Farce, indeed. But no one is laughing now. We are all thinking about this woman and what happens now to her life. It rivals Les Miserables. If only the RIAA could understand that they could benefit from P2P, if they only would try, instead of fighting it, which can never succeed. Technology always wins. I'm not even convinced that she is guilty, by the way. You know why? Because for many years I did "tech support" for my family and for an office I worked in. And I saw how easy it was for weird things to happen to a Windows computer that the owner didn't even know about. There are, they say, millions of computers owned by bots for malicious purposes, after all. She says she didn't do it. What if she really didn't? How would she prove it? How would *you*, if it were you? Maybe if the Franklin Pierce law students came to your aid, as they did the woman sued for filesharing who didn't even own a computer.

How many of you have sent your friends or family a funny cartoon or an entire article you found interesting in an email? Did you know you broke the law, if we are going into Les Mis territory?

And what happened after the judge made that plea will help you to understand why Fred von Lohmann of EFF suggests that Ms. Thomas-Rasset's lawyers will likely be thinking about an appeal on constitutional grounds:

Given the size of the statutory damages award, Ms. Thomas-Rasset's legal team will likely be seriously considering a constitutional challenge to the verdict. A large and disproportionate damage award like this raises at least two potential constitutional concerns.

First, the Supreme Court has made it clear that “grossly excessive” punitive damage awards (e.g., $2 million award against BMW for selling a repainted BMW as "new") violate the Due Process clause of the U.S. Constitution. In evaluating whether an award "grossly excessive," courts evaluate three criteria: 1) the degree of reprehensibility of the defendant’s actions, 2) the disparity between the harm to the plaintiff and the punitive award, and 3) the similarity or difference between the punitive award and civil penalties authorized or imposed in comparable situations. Does a $1.92 million award for sharing 24 songs cross the line into "grossly excessive"? And do these Due Process limitations apply differently to statutory damages than to punitive damages? These are questions that the court will have to decide if the issue is raised by Ms. Thomas-Rasset's attorneys.
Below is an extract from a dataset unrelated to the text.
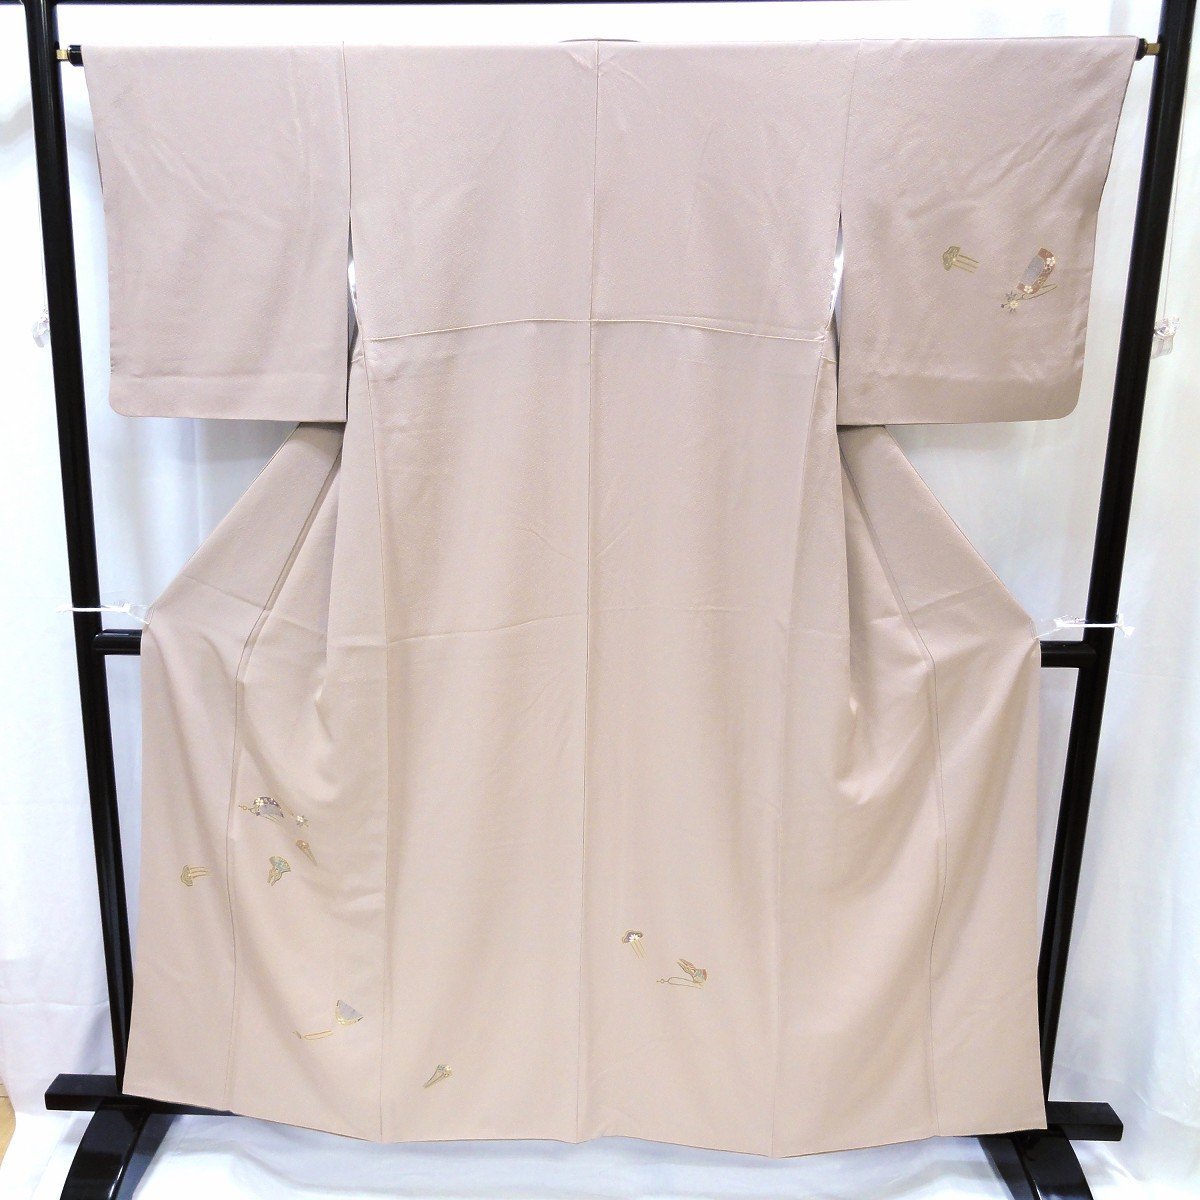 附下着物・付け下げ・櫛・簪・正絹・No.200701-0040・梱包サイズ80
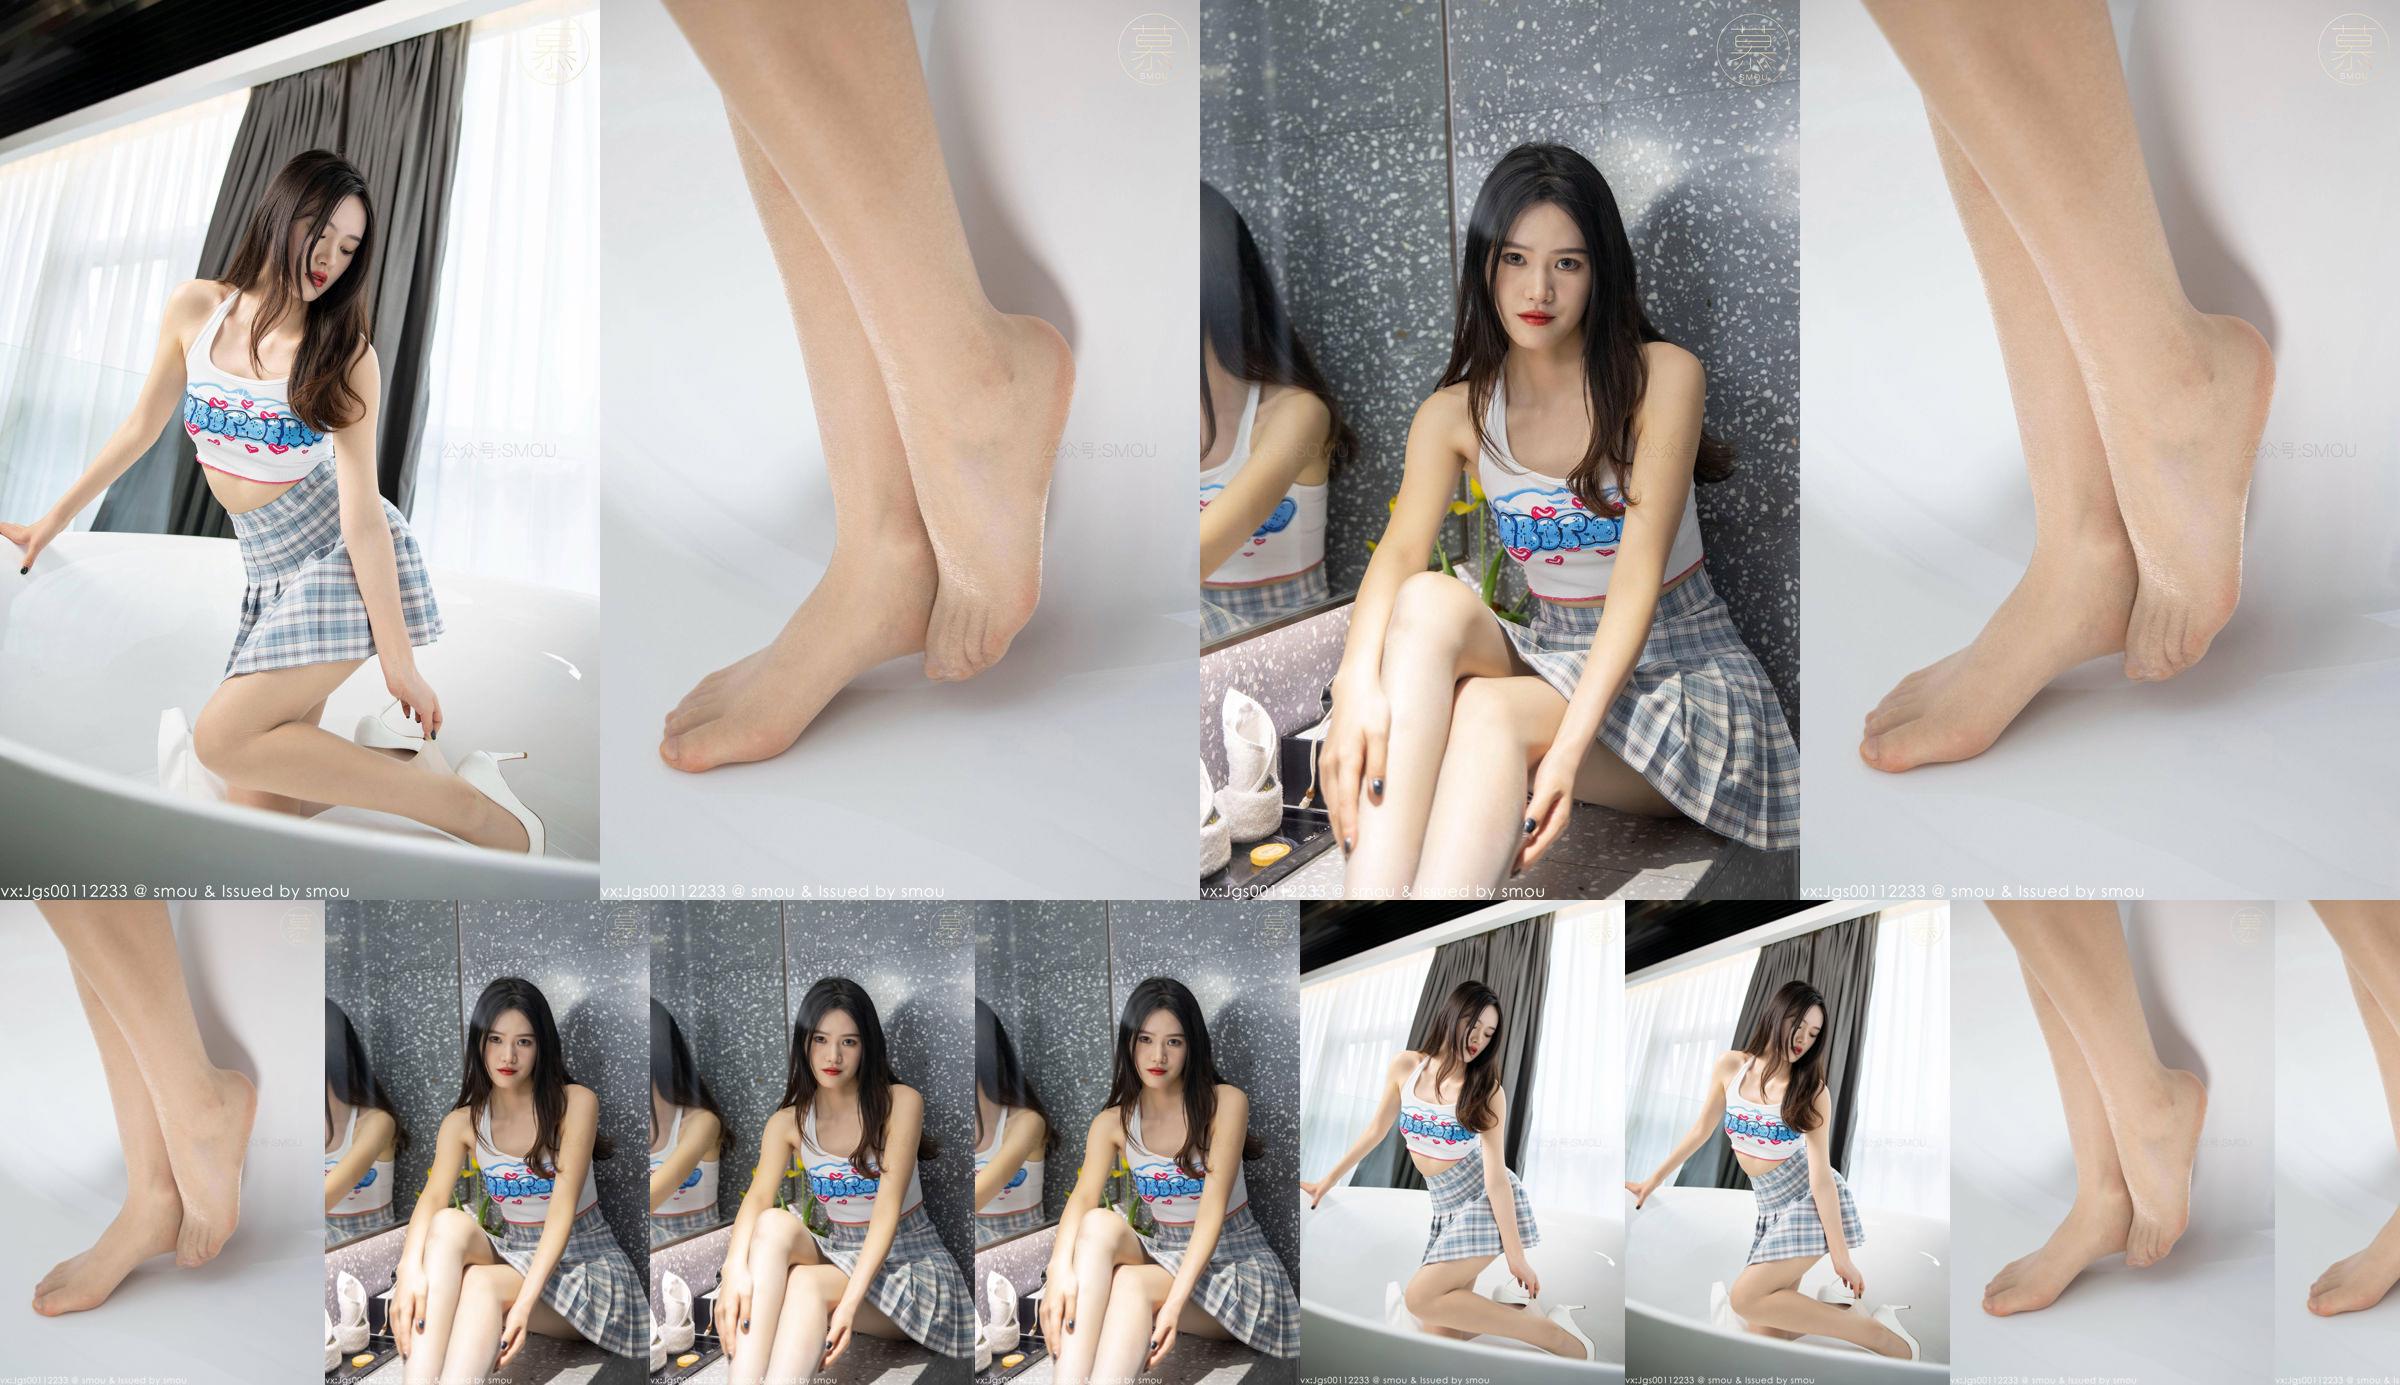 [SMOU] Honey Series M014 nouveau modèle Weiwei collants belle couverture de jambe No.6536ed Page 6

Second, recent Supreme Court rulings suggest that a jury may not award statutory damages for the express or implicit purpose of deterring other infringers who are not parties in the case before the court. In other words, the award should be aimed at deterring this defendant, not giving the plaintiff a windfall in order to send a message to others who might be tempted to infringe. It's hard to know without having been in the courtroom, but if the record industry lawyers urged the jury to "send a message" to the millions of other American file-sharers out there, they may have crossed the constitutional line.

Slavery was made unconstitutional a long time ago, after all.